A tale of evolution

When the software is successful, it usually grows in size and complexity but the brain of humans behind it, doesn’t!

Adding more humans may slightly improve the situation but it has its limits. A better solution is to divide the software into logical pieces small enough for a few humans to cope with and conquer the complexity by integrating all these pieces together.

This division is usually guided by two main tenets:

  • Separation of concerns: group relevant pieces together
  • Loose coupling: minimize the interaction surface between those parts to allow internal change with minimal external consequences

There is a lot written about how to structure big software. Let’s switch gears and focus on one particular type of software that I have been dealing with.

Web as a runtime

A little over 10 year ago I switched from desktop application development to web. Those were the dinosaur days of the web when jQuery was a hot skill, CSS was written “by hand”, tests were manual and most user interactions would reload the page!

Admittedly I switched a bit late, but a revolution had already started. Ajax was proving the browser as a viable runtime environment for ever more complex applications.

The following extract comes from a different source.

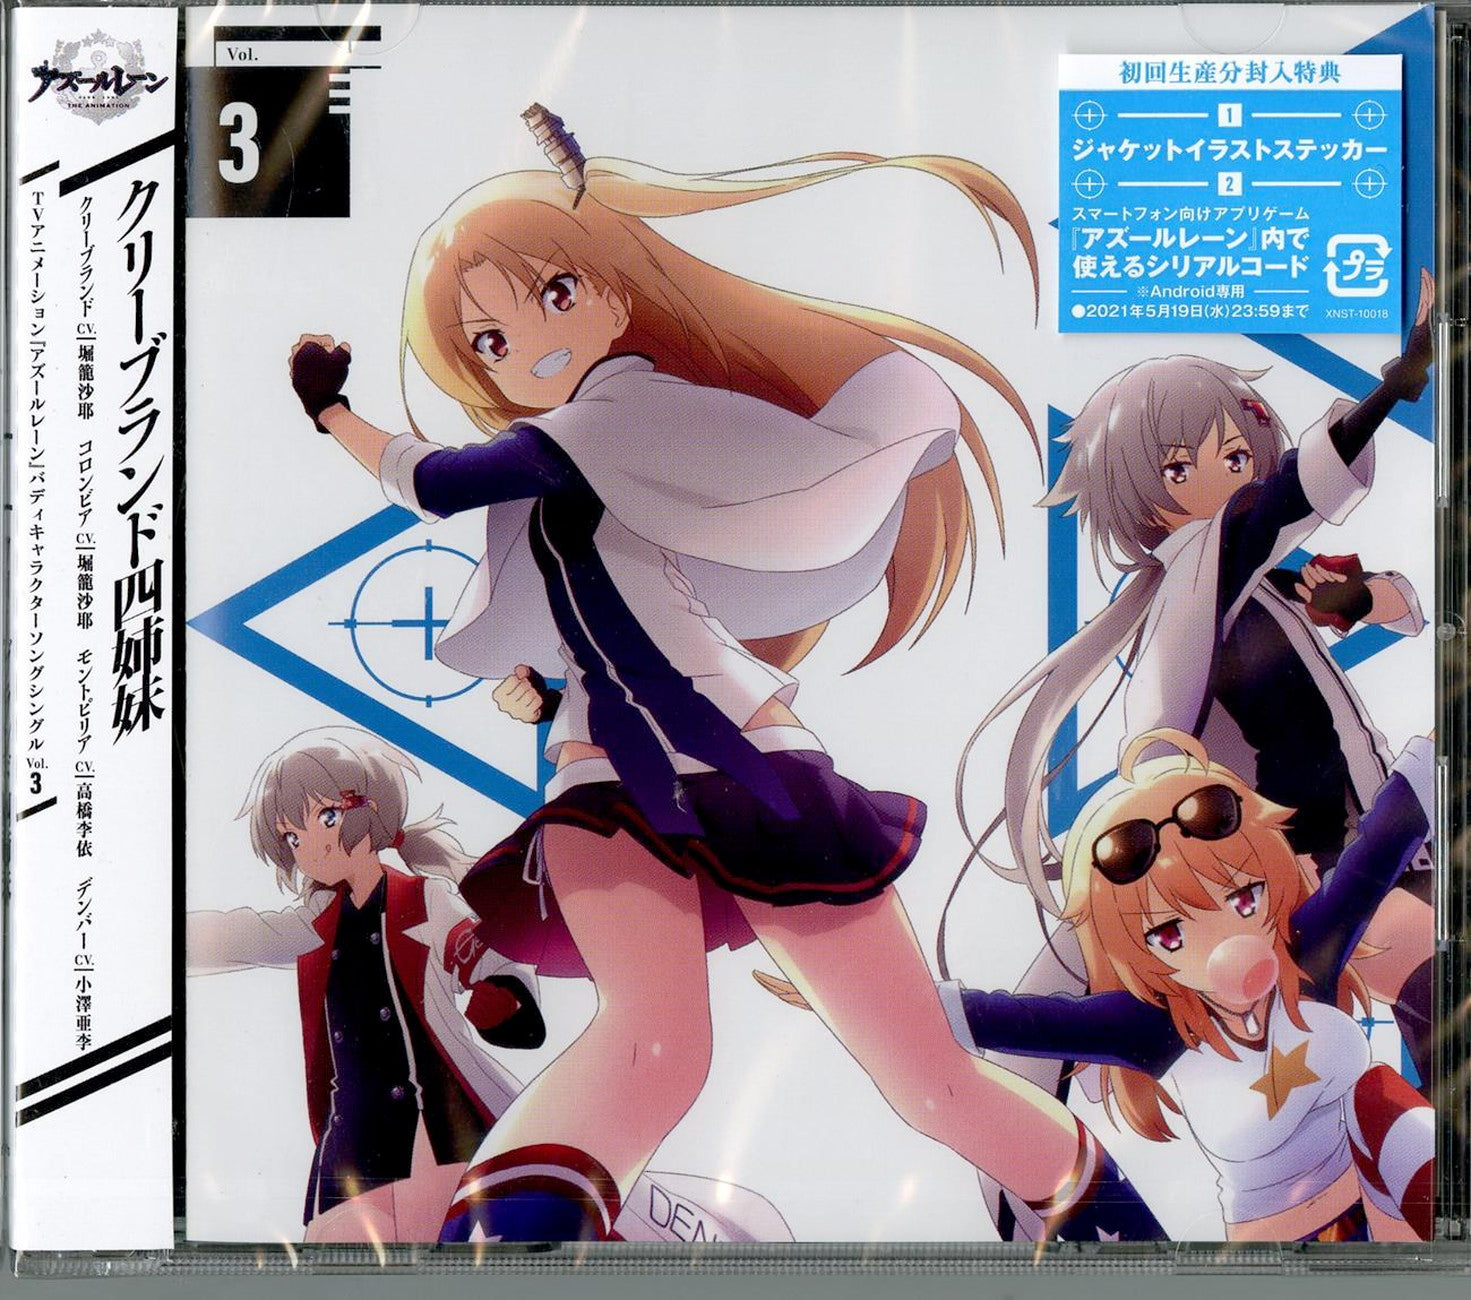 TV Anime IS Drama CD Vol. 3
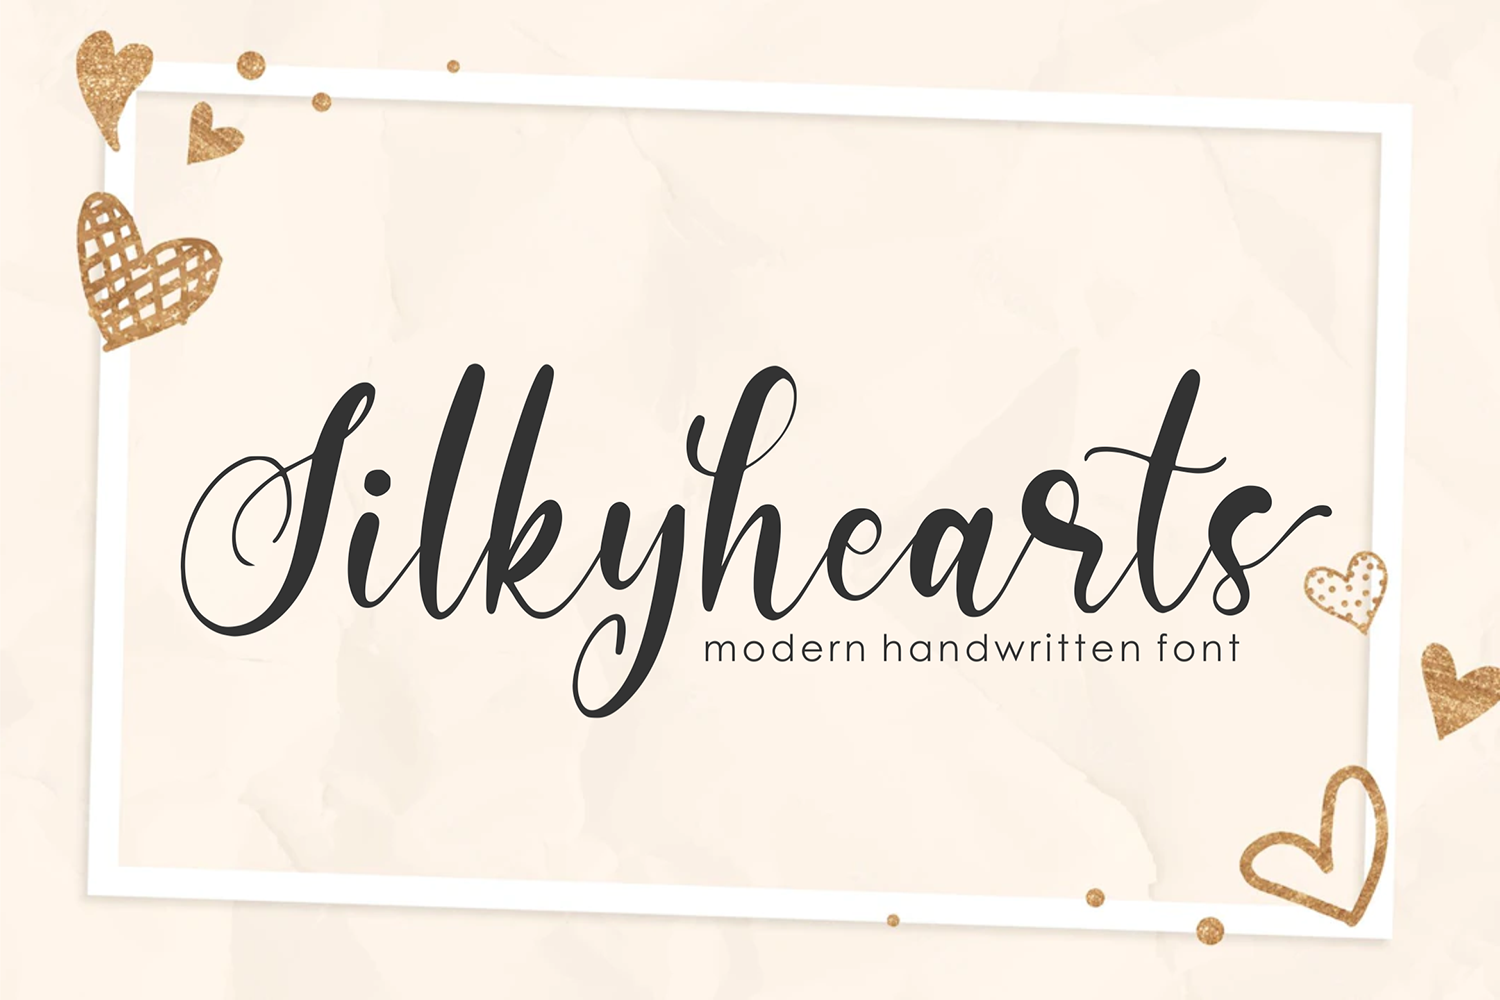 Silkyhearts Free Font

The potentials were huge: cross platform, installation free applications with a flexible GUI accessible from anywhere!

With UX becoming a focus of the industry and the advent of V8, JavaScript gained ground as a popular option for implementing complex Single Page Applications (SPA) relieving the backend from part of its traditional workload and even storage. APIs became dominant, NoSQL and Serverless became popular and a new market emerged for the likes of Firebase, Amplify and Backendless.

Electron, Cordova, Node.js, Lambda, Node-Red brought the web technology to desktop, mobile, backend, serverless and IoT applications respectively.

“Any application that can be written in JavaScript, will eventually be written in JavaScript.” — Jeff Atwood

Our massive app

Fast forward to a little over 3 years ago I joined a multinational media company. The product was a white label media site framework that was used by any of 25+ company brands to build their user-facing sites.

Over the years the frontend and backend each grew to over 180+ KSLOC (thousand source lines of code, ignoring comments and empty lines) maintained by a community of 150+ developers. Thousands of unit, integration, system, audit and accessibility tests ensure the quality of multiple daily deploys to production. Some of these sites rank among the top 10 most popular in the country they operate in, serving millions of requests per day.

This article is about how this massive machinery came to be and why it is structured the way it is and how the complexity is tamed.

The domain

We didn’t start there overnight. It all started with 1 site a little over 5 years ago. The company had a CMS (content management system) to create and manage content (in this case news articles). The CMS was headless meaning it was merely concerned with populating the content database and exposing it via an API. The task of actually rendering this content for the end user was left to the clients (remember separation of concerns?). Ghost is another popular headless CMS.

One problem, multiple solutions

Since all the resources was focused on building the CMS, the client rendering was left to the brands to figure out. In a culture of autonomy and tight deadlines, each brand came up with their own solution to build a site on top of the content API. These solutions were drastically different: some used PHP, some used React while others used ESI to build what was internally code named Farticles (for Fast Articles).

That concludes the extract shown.